What Have We Achieved So Far?

I thought this would be a good place to take a pause and look at how this project is going. To me, it feels like we’ve come a long way. We have a map loaded from a database, we’ve given the user the ability to deploy his forces on the map so that the game can start, and we have a CyberTank moving around the map. The CyberTank already interacts with the defending forces that have been deployed, and alters its path to respond to the placement of those forces.

The Code Structure

My code analyzer tells me that we have 990 lines of code over 47 classes for the whole project. That count includes the import statements, and in the largest classes this is over 20 lines of code. I’m guessing that we can deduct about 300 lines over the 47 classes to leave about 700 lines of “real executable” code.

Included in this are a few classes that we haven’t looked at yet, the ones that display the schematic of the CyberTank. I wrote this very early on when I was messing with some UI look and feel stuff, and I’ve just left it there as it isn’t getting in the way. But this is another 80 or so lines of code that shouldn’t count to our code total. So let’s call it about 600 lines of working code to get to where we are now.

The largest class has about 55 lines of real code, and the next largest has about 50. The vast majority of classes have under 30 lines of executable code.

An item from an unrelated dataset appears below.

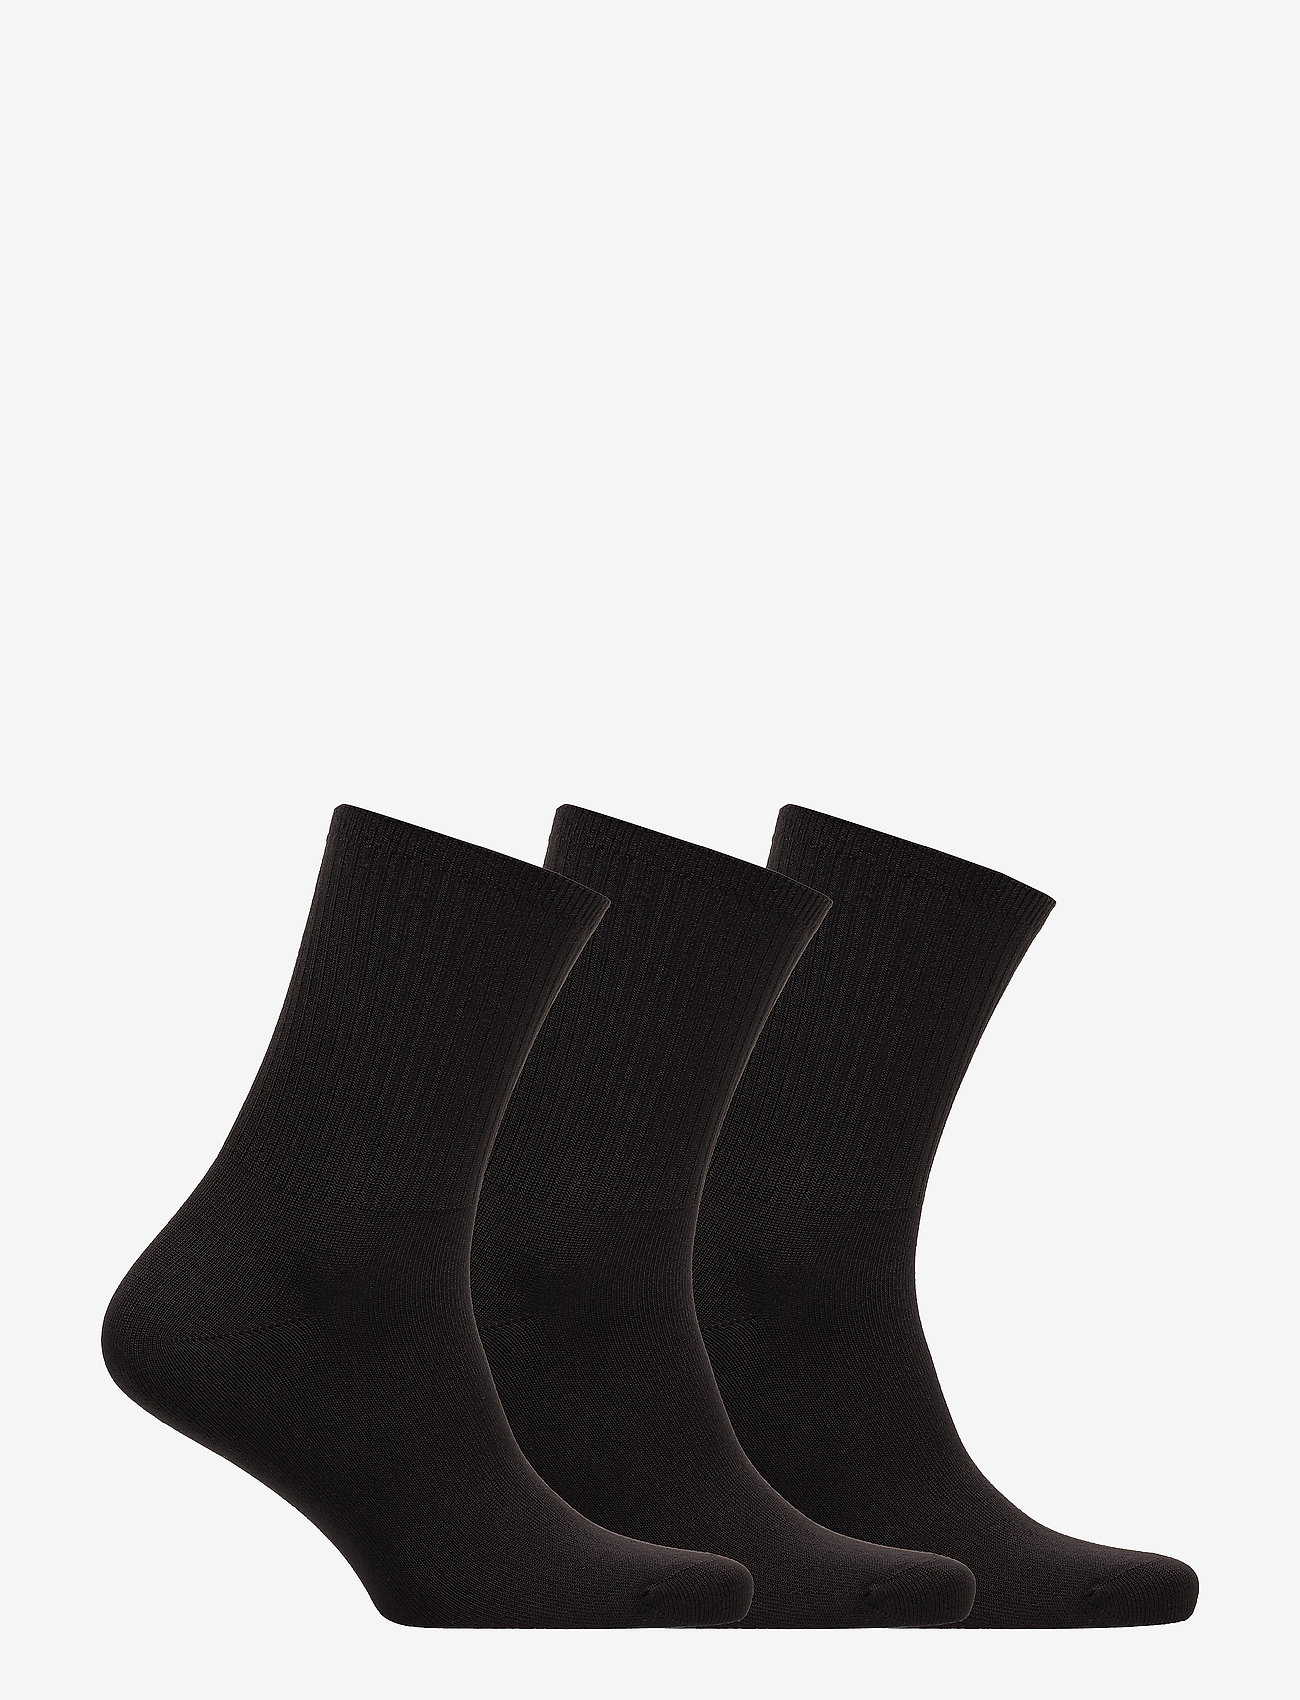 Supersoft Crew Sock 3-pack (Black) - Polo Ralph Lauren xMDeAf

Counting lines of code doesn’t tell us a lot about code quality, but it does say something about how we’ve handled complexity and kept scope issues in check by applying YAGNI. Unless you work at it, it’s fairly difficult to cram something really complicated into a 10 line class.

I feel like the code so far has maintained a good amount of separation of duties. Classes are directly responsible for only one thing, with other classes created to delegate sub-tasks. Perhaps the biggest example of this is Tread, which only has one method, and even that just returns a hard-coded value. Maybe, at this point, it could be argued that it’s a violation of YAGNI, but it’s still just one line of code and doesn’t represent a significant investment in complexity.

Problems to Come

I can see a few issues down the road. One thing that’s causing me some cognitive dissonance is the UnitLocations structure and how it carries information that duplicates that held in TileModel. You can see that in GameInteractor.handleUnitMovement(). This method updates the TileModels and then updates UnitLocations. If you look closely, though, you’ll see that the TileModel has an additional check to make sure that the move is valid, but there’s no similar check on UnitLocations updates. So it is possible that the two can get out of sync.

Talking about TileModel; this is causing me some stress. There’s nothing wrong with having critical data stored only in a Presentation Model - we see this all the time with regular CRUD type form layouts - but TileModel is feeling a bit too promiscuous at this point. It’s used all over the place, and I think this is starting to create a lot of coupling.

Looking ahead, I think this is going to be an issue when we look at animating missile paths and explosions. My expectation is that we’ll end up taking TileController and renaming it to simple Tile. Then we’ll add some public methods to allow access to the TileModel data, and to trigger actions and animations. Then we’ll have to refactor the application to keep track of Tile instead of TileModel.

Future Complexity

The big issue that’s been kicked down the road for now is the impact of Terrain types on movement and accessibility. My feeling right now is that 99% of this complexity is going to fall into PathFinder and MovementRandomizer, particularly the former. PathFinder right now finds a shortest path to the destination by always moving directly towards the destination. However, when hexes have different movement costs, that direct path might no longer be the fastest path.

Currently, there’s nothing special about any particular unit of any given type in a location. If there’s a Heavy Tank in hex [7,3] then it’s just any Heavy Tank. So the UnitLocations structure of just having a list of Locations for each UnitType is fine. But there’s going to become some differentiations once we start looking at combat results. Units can become “disabled”, and therefore different from other units of the same type. Also, once we look at gameplay for the human player, we’ll have the situation where some units of a given type have moved in a turn, while others have not.